易曉柔從中走出,身后巨大的雙翼收起,卻沒有隱藏真身,用的是她原本的模樣,李奎看了一眼,便楞在了當場。
這眼睛……與她身上的氣息并不相符,據他所知,天界數千萬年也只有帝君一脈直系血脈方才有,而帝君這一脈幾千萬年也只有一個后嗣,那就是傳說中的神女……神女都死了多少年了。
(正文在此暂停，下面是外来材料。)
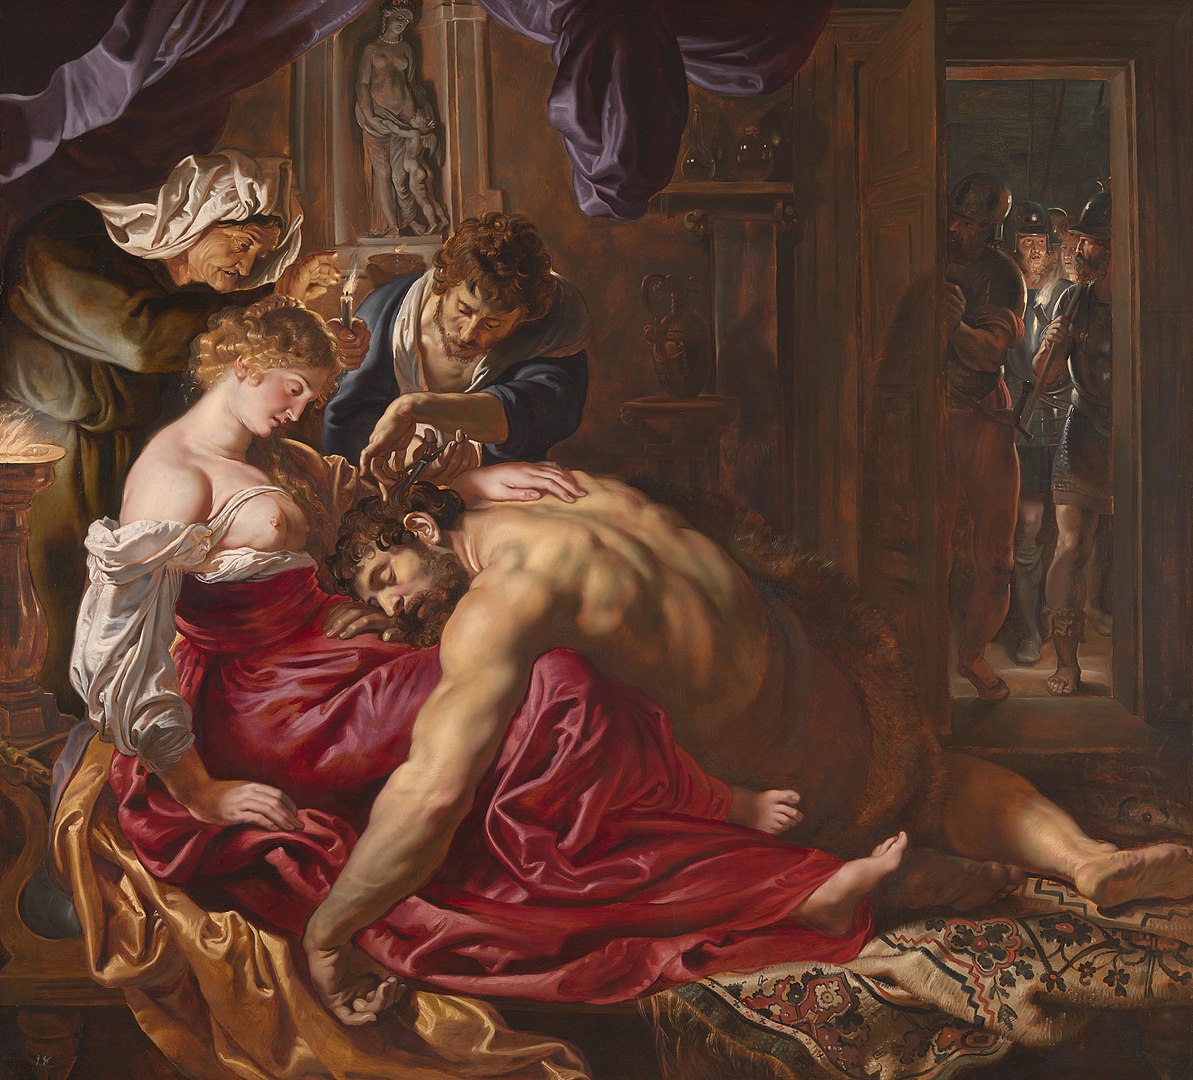 Samson and Delilah, Peter Paul Rubens, c. 1609-1610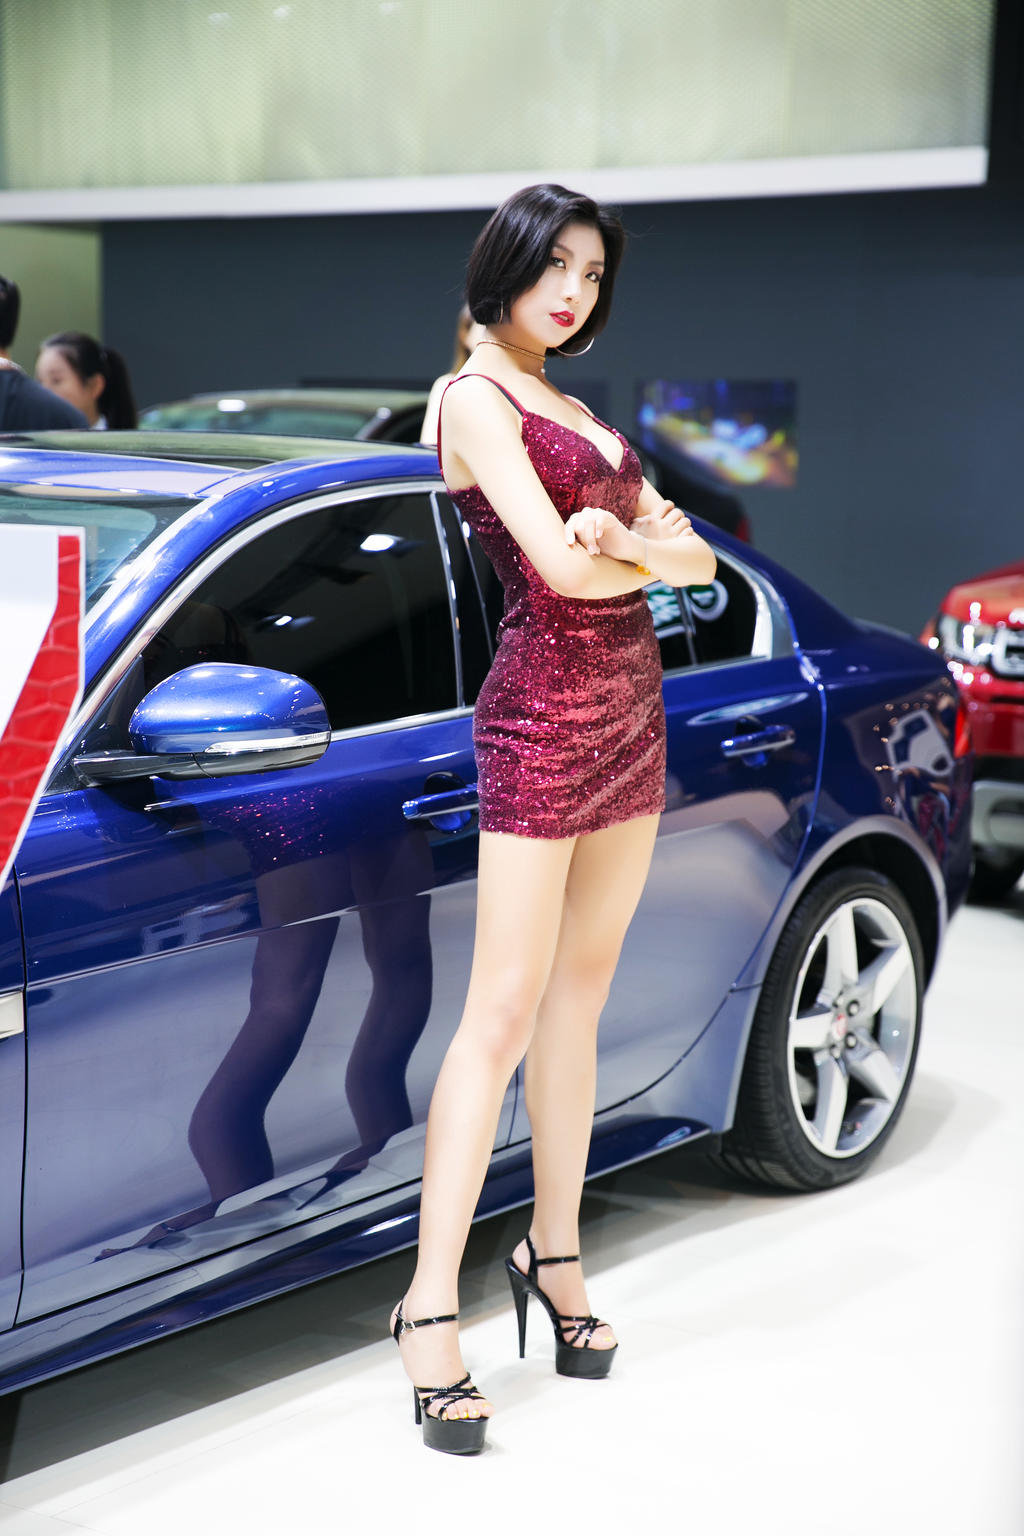 身高腿长的车模身材火gogo韩国makemodel最新资源图片

他穩了穩心神,心里只當是易曉柔使的邪術故意來擾亂他心智,“何方妖孽,報上名來。”
“死人是不需要知道這么多的。”
易曉柔祭出那把過了血的長劍,剛剛吸食了怨氣與血液的劍格外地精神,通體血紅色,劍身不斷“嗡嗡”地在顫動,仿佛立刻就想大展身手。
李奎見那劍一出,臉色大變,他雖升仙時日算不得長,可也清楚這樣恐怖的劍能駕馭的人是不可能呆在下界多時且沒有異動的。
她這一身蠻橫的實力若真的出現在下界而上界無所察覺,下界必然有她的同黨。
而上次來巡過下界的所謂仙使,李奎心里大概也了然。
這也是他反感的緣由,上面內部的要斗爭他不管,可若是因為自個兒的爭斗影響到了整個天界的和平,那就著實不是他愿意看到的。
他想到臨行前帝君的囑托,只能在心里跟帝君提前說一聲了。
這樣兇殘的異端……留不得。
“破壞上下結界,私放九幽異端,本將軍今天就把你這擾亂蒼生安寧的妖孽性命給了結了。”說罷,他右手虛握著,手心出現了一把紅纓槍,光是遠遠站在那把槍的對面,易曉柔仍然感覺得到紅纓槍身上散發出來的威懾。
說起那把槍,還是李奎是人類時候的配槍,他靠著一把紅纓槍守住了多多少少大大小小的城池,護住了無辜百姓的性命,只可惜,英雄也逢絕路,李奎最后還是葬身沙場。
那紅纓槍跟隨著李奎從人間到天界,又經過重新的煉造,參與天界大大小小的戰事,染上無數敵人的鮮血,身上自然也帶著煞氣。
李奎舉著長槍直挑易曉柔面門,易曉柔挑了挑眉,只是握著劍的手緊了緊。
劍與槍事實上是有區別的,槍可攻可守,進退皆宜,短攻長攻都不是問題,但是劍不同,只適合近身攻擊。
只是眨眼間李奎便提槍近到跟前,身邊異端下意識遠遠退開,旁邊隱匿在異端群里的戰夭在坐陣,楓葉和邪涼,夜七都分布在各個地方替他們守陣。
還好異端人數多,分散也廣,邪涼和夜七掩了氣息這天界將軍也不定就能察覺出來,易曉柔陰白此時她只需要拖住眼前這個將軍,分散他的注意力即可。
“都退開!”易曉柔一聲低吼,原來還有些距離的異端嘩啦啦四散遠去。
易曉柔在長槍近眼前之際一個下腰,劍卻在她手下朝前揮去,劍身上凌厲的煞氣與劍氣便化刃朝李奎腹下襲去。
李奎意識到時已然太晚,槍下易曉柔的身子早已不在,而他只能將槍收回,擋下這一擊。